No insurer may engage in unfair claim settlement practices. Unfair claim settlement practices means committing or performing any of the following:

  (1) misrepresenting to claimants pertinent facts or policy provisions relating to coverages at issue;

  (2) failing to acknowledge with reasonable promptness pertinent communications with respect to claims arising under its policies, provided that "pertinent communications" will exclude written communications that are direct responses to specific inquiries made by the insurer after initial report of a claim. An acknowledgment within 15 business days is presumed to be reasonably prompt;

  (3) failing to adopt and implement reasonable standards for prompt investigation of claims arising under its policies;

  (4) not attempting in good faith to effectuate prompt, fair, and equitable settlements of claims submitted in which liability has become reasonably clear;

  (5) compelling policyholders to institute suits to recover amounts due under its policies by offering substantially less than the amounts ultimately recovered in suits brought by them;

  (6) failure of any insurer to maintain, in substantial compliance with §21.2504 of this title (relating to Complaint Record; Required Elements; Explanation and Instructions), a complete record of all complaints, as that term is defined in §21.202(4) of this title (relating to Definitions), which it has received during the preceding three years or since the date of its most recent financial examination by the Commissioner of Insurance, whichever time is shorter.

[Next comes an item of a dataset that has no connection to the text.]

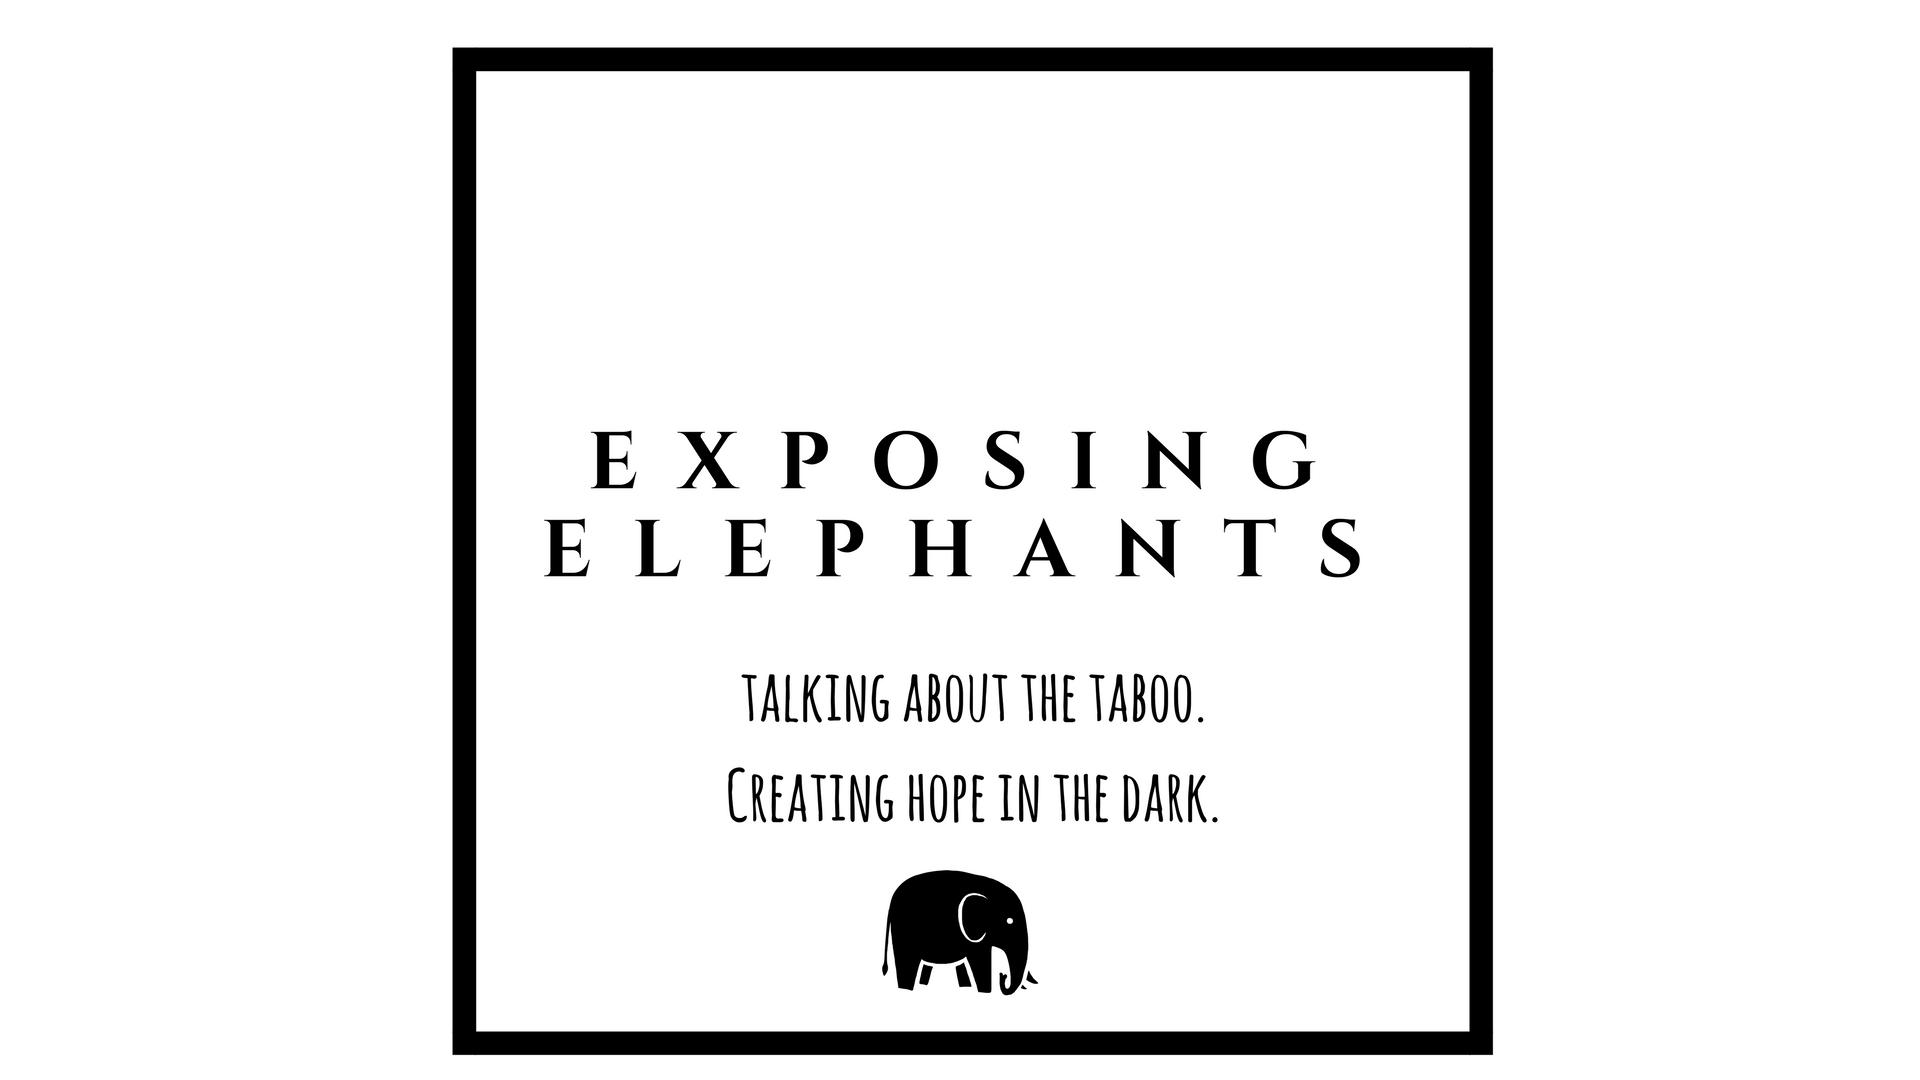 EXPOSING ELEPHANTS

For purposes of this section, "substantial compliance" has the meaning set out in §21.2503 of this title (relating to Compliance Standard);

  (7) failing to provide promptly, when provided for in the policy, claim forms when the insurer requires such forms as a prerequisite for a claim settlement;

  (8) not attempting in good faith to promptly settle claims where liability has become reasonably clear under one portion of the policy in order to influence settlement under other portions of the policy coverage. (This provision does not apply to those situations where payment under one portion of coverage constitutes evidence of liability under another portion of coverage.);

  (9) failing to promptly provide to a policyholder a reasonable explanation of the basis in the insurance policy in relation to the facts or applicable law for denial of a claim or for the offer of a compromise settlement;

  (10) failing to affirm or deny coverage of a claim to a policyholder within a reasonable time. The reasonable submission of a reservation of rights letter by an insurer to a policyholder within a reasonable time is deemed compliance with the provisions of this paragraph;

  (11) except as may be specifically provided in the policy, to refuse, fail, or unreasonably delay offer of settlement under applicable first-party coverage on the basis that other coverage may be available or third parties are responsible in law for damages suffered;

  (12) attempting to settle a claim for less than the amount to which a reasonable person would have believed she/he was entitled by reference to an advertisement, as described in §21.102 of this title (relating to Scope), made by an insurer or person acting on behalf of an insurer;

  (13) undertaking to enforce a full and final release from a policyholder when, in fact, only a partial payment has been made. (This provision will not prevent or have application to the compromise settlement of doubtful or disputed claims.);

  (14) failing to establish a policy and proper controls to make certain that agents calculate and deliver to policyholders or their assignees funds due under policy provisions relative to cancellation of coverage within a reasonable time after such coverages are terminated;

  (15) refusing to pay claims without conducting a reasonable investigation based upon all available information;

  (16) failing to respond promptly to a request by a claimant for personal contact about or review of the claim;

  (17) with respect to the Texas personal auto policy, delaying or refusing settlement of a claim solely because there is other insurance of a different type available to satisfy partially or entirely the loss forming the basis of that claim. The claimant who has a right to recover from either or both insurers is entitled to choose under which coverage and in what order payment is to be made;

  (18) a violation of Insurance Code Chapter 542, Subchapter B, by an insurer subject to its provisions; or

  (19) requiring a claimant, as a condition of settling a claim, to produce the claimant's federal income tax returns for examination or investigation by the insurer unless the claimant is ordered to produce those tax returns by a court of competent jurisdiction, the claim involves a fire loss, or the claim involves a loss of profits or income.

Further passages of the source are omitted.